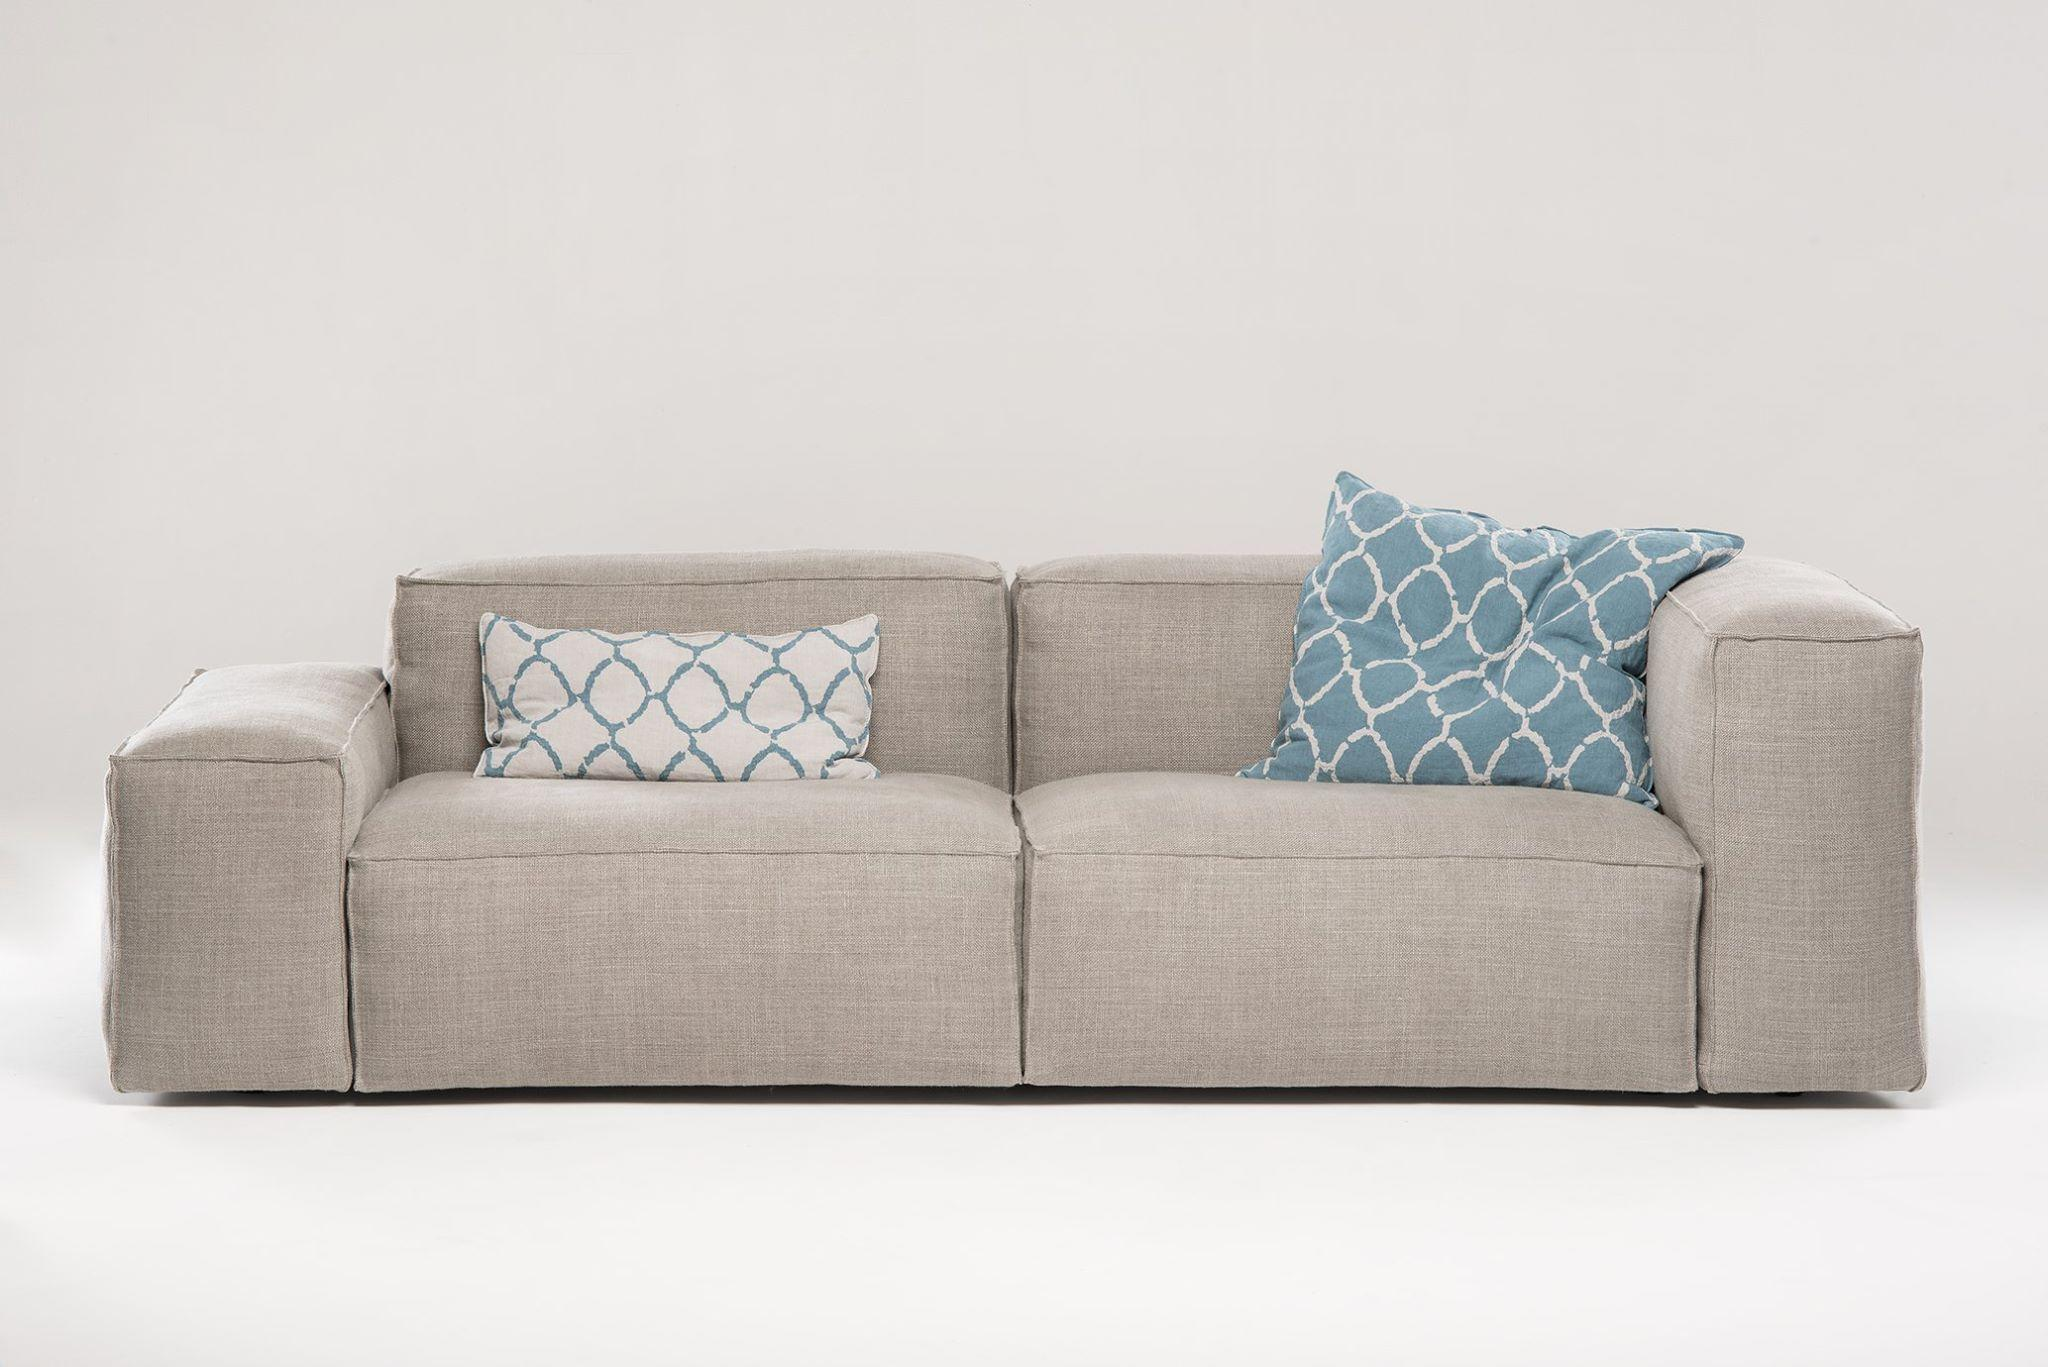 Modern Italian Designer Sofa Tailor Made For Sale at 1stdibs
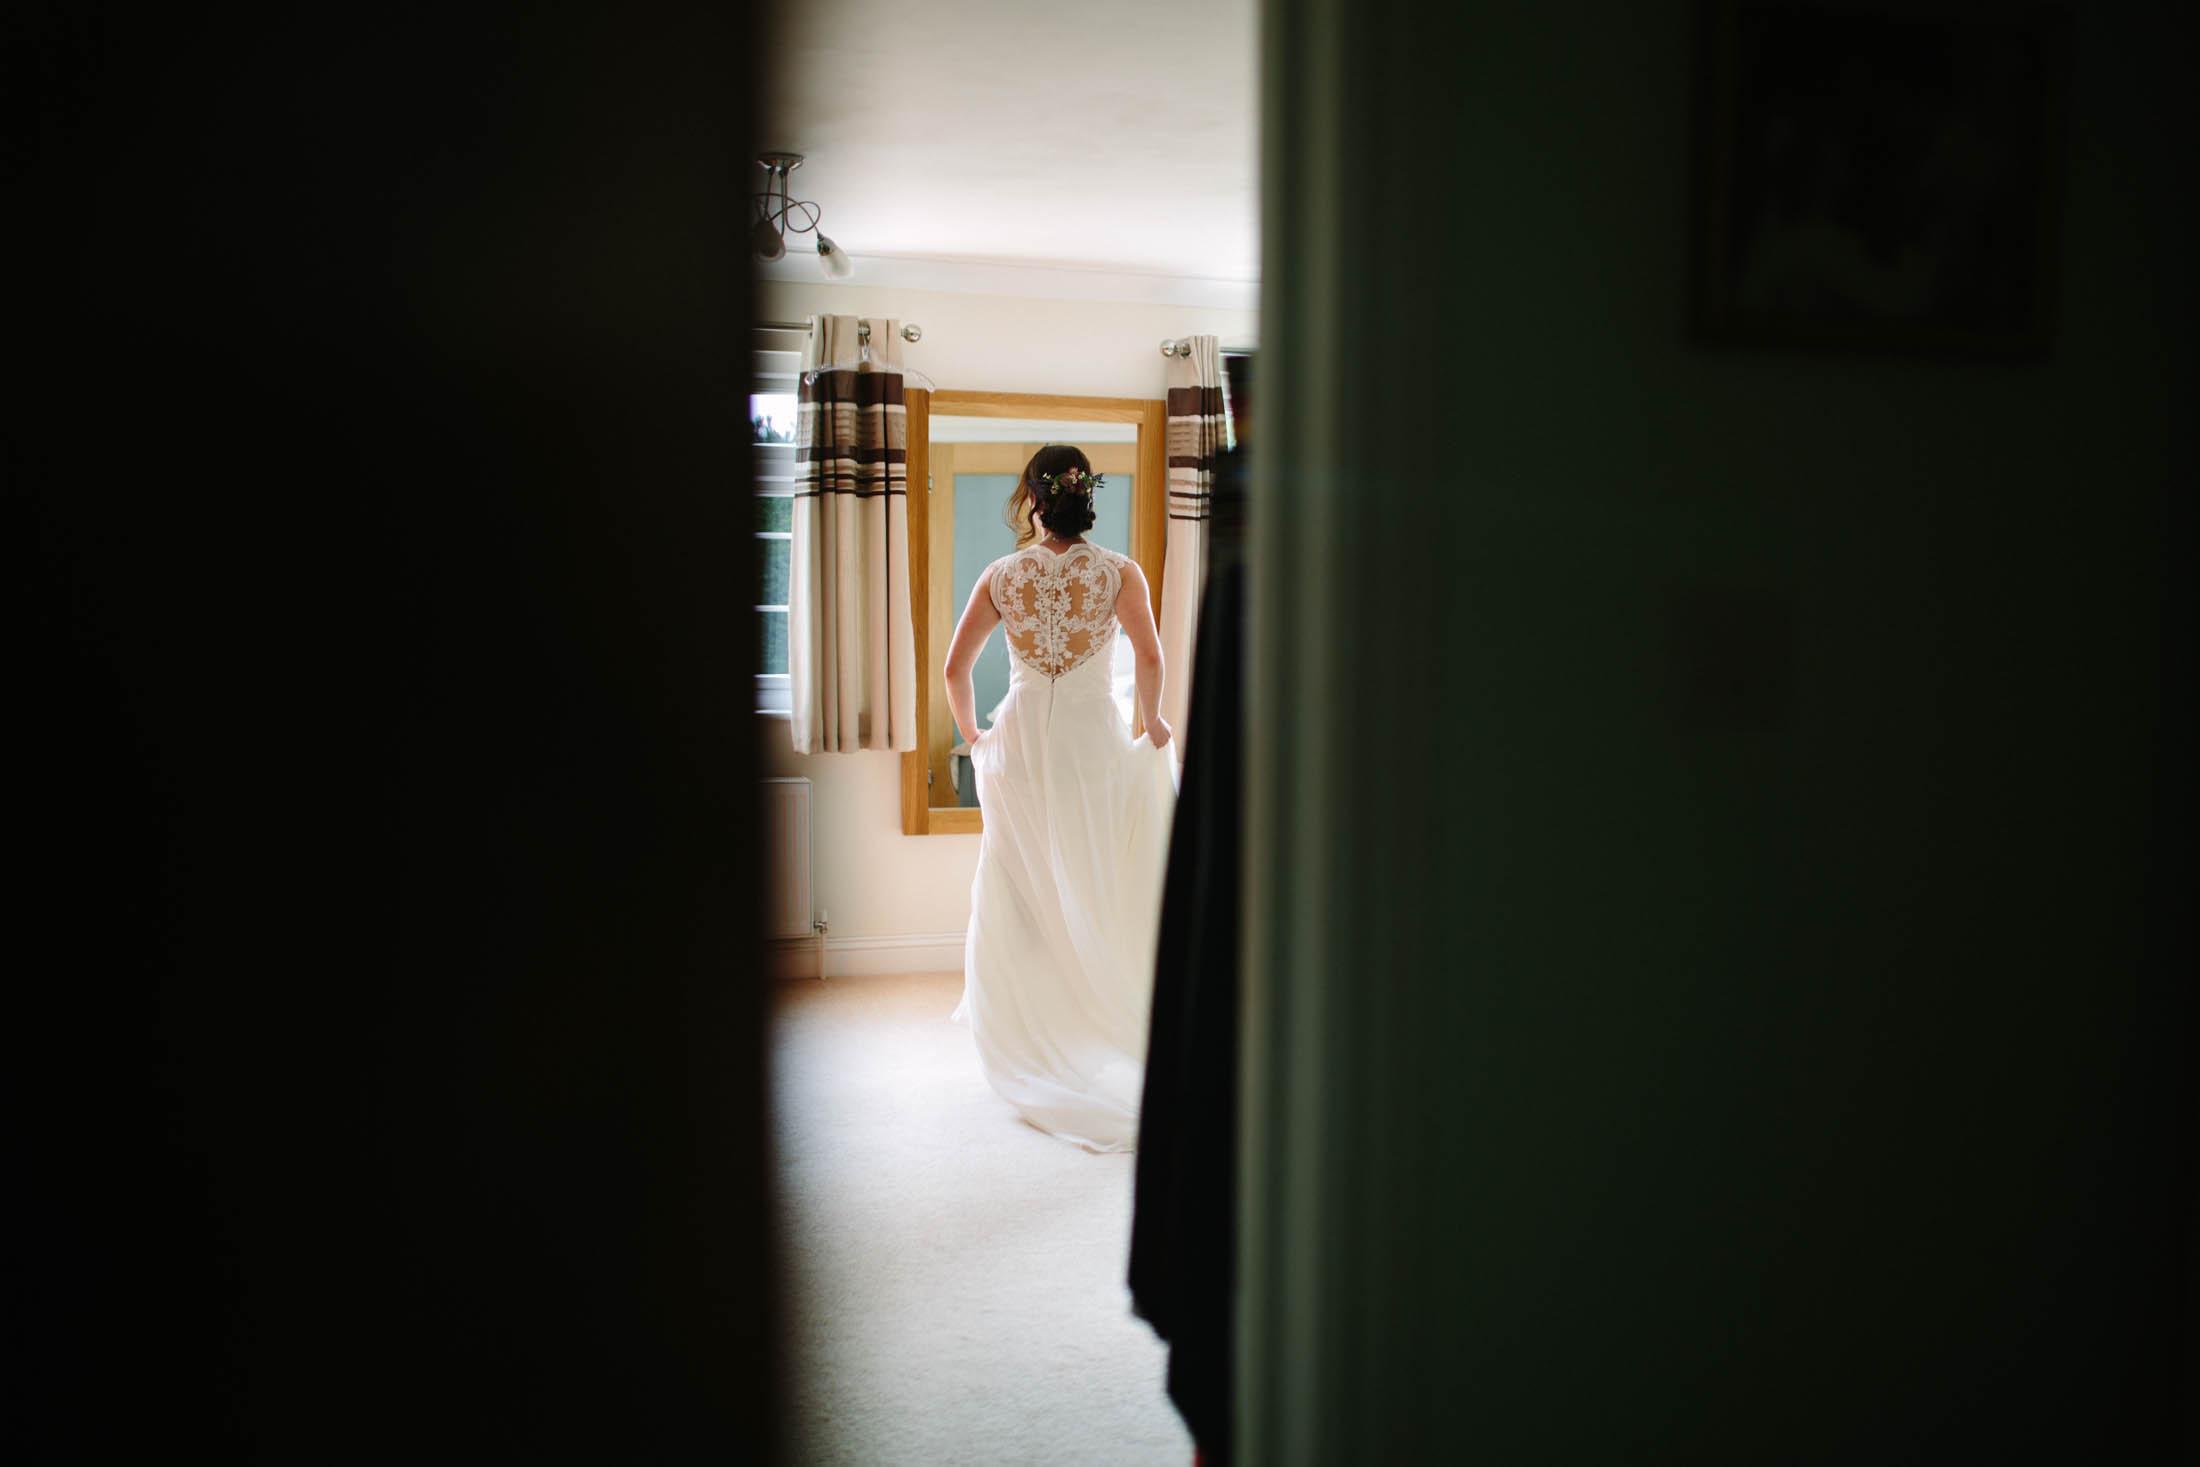 JessicaJillPhotography-HarewoodsHomeFarmWedding-SouthEastWeddingPhotographer-14.jpg
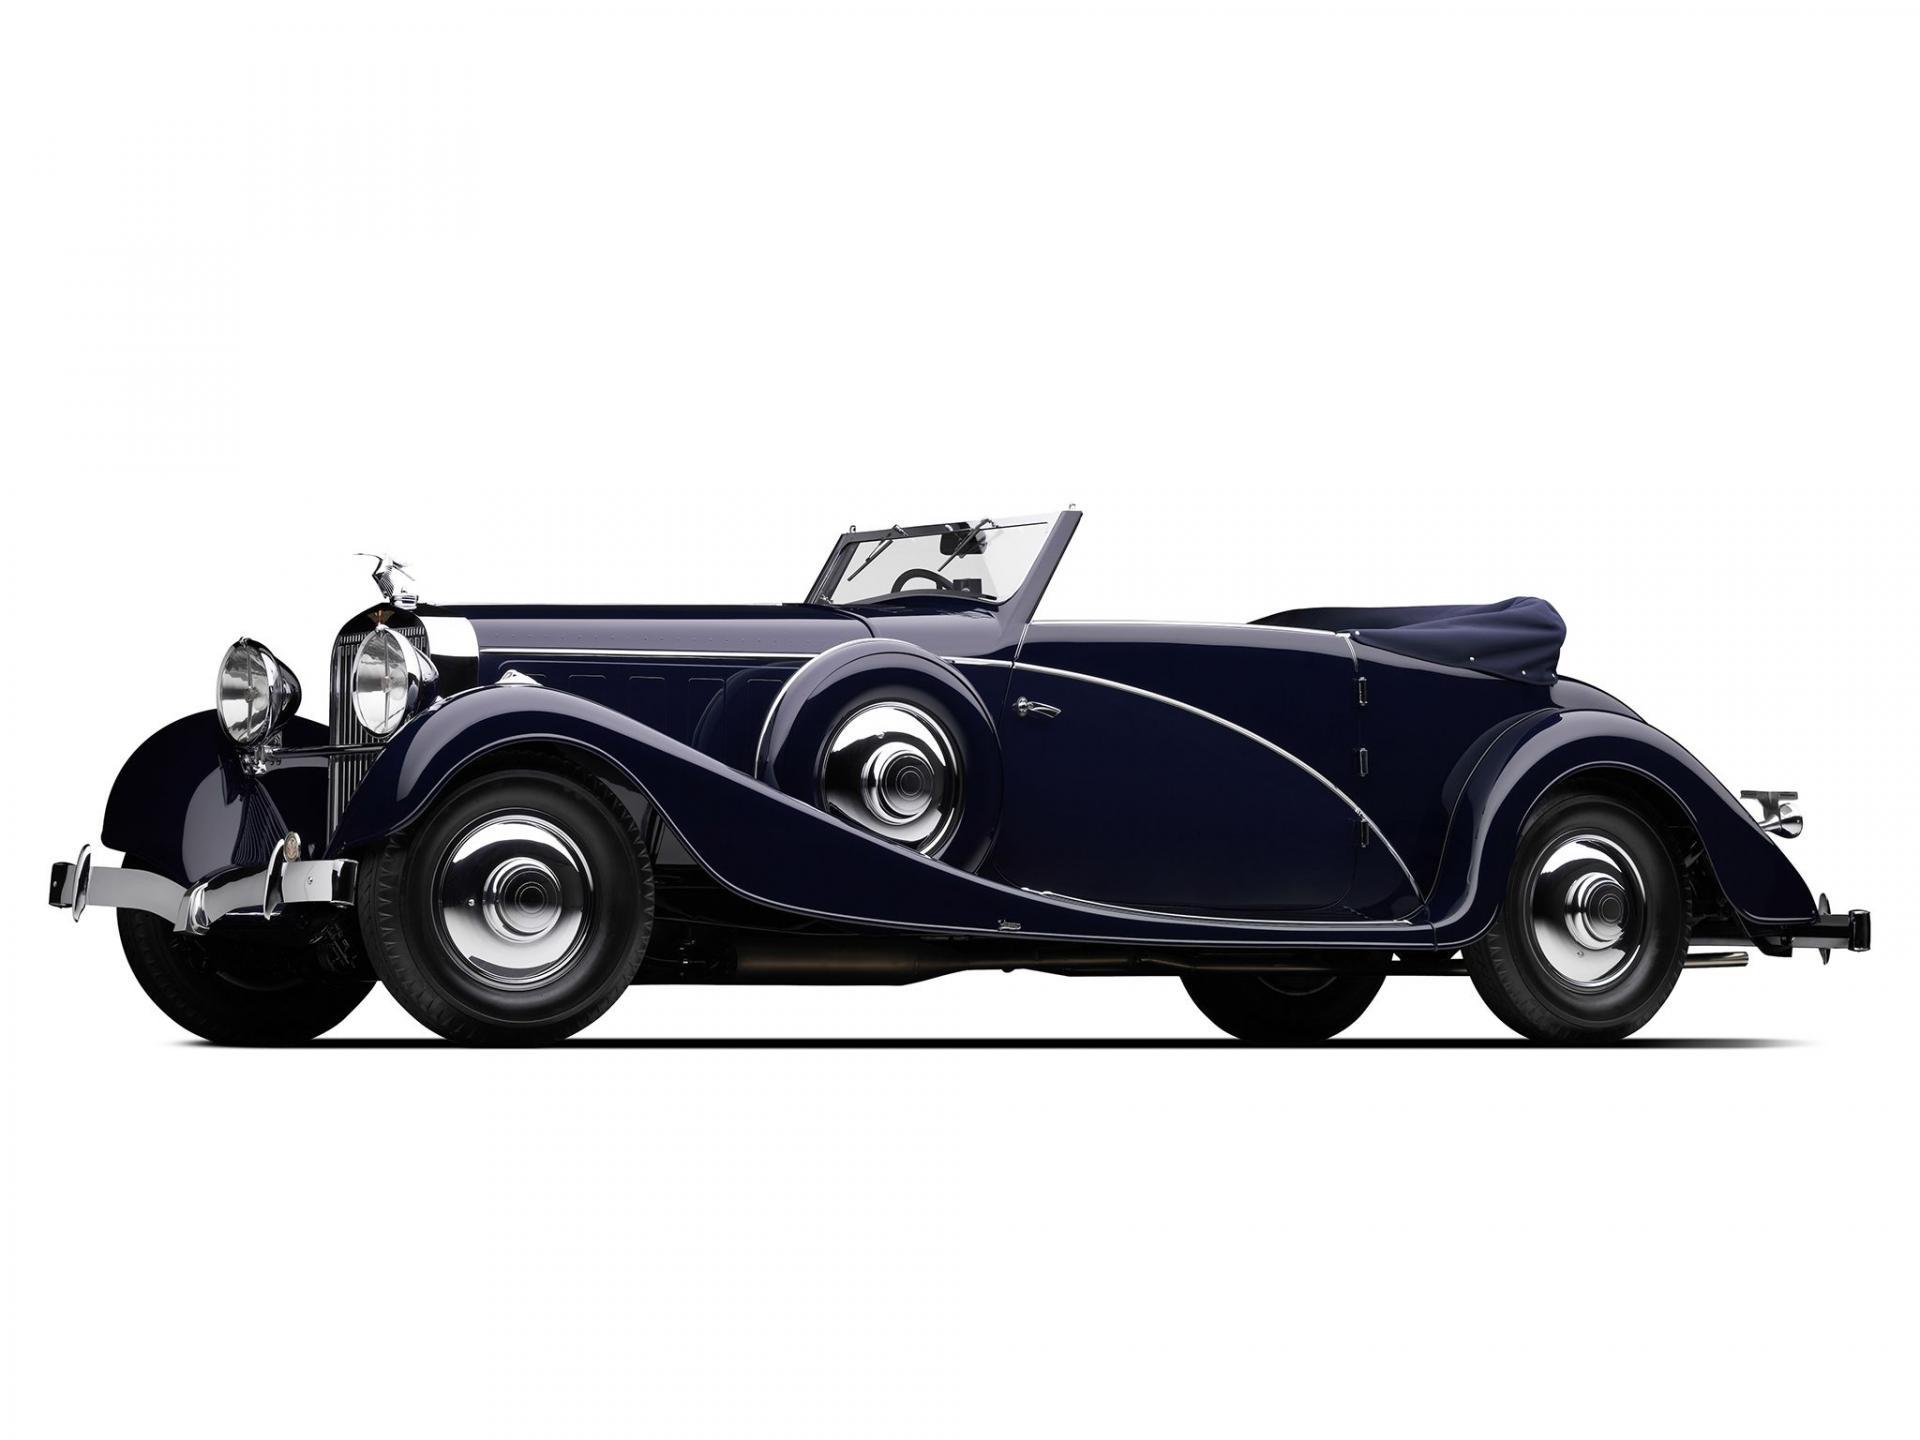 1934 Hispano Suiza J12 Vanvooren Cabriolet

====

**INSTRUCTIONS FOR THE TASK:** Leave every picture out. Retype the remaining data exactly.

**OUTPUT OF THE EXERCISE:**
 Modern Italian Designer Sofa Tailor Made For Sale at 1stdibs
 JessicaJillPhotography-HarewoodsHomeFarmWedding-SouthEastWeddingPhotographer-14.jpg
 1934 Hispano Suiza J12 Vanvooren Cabriolet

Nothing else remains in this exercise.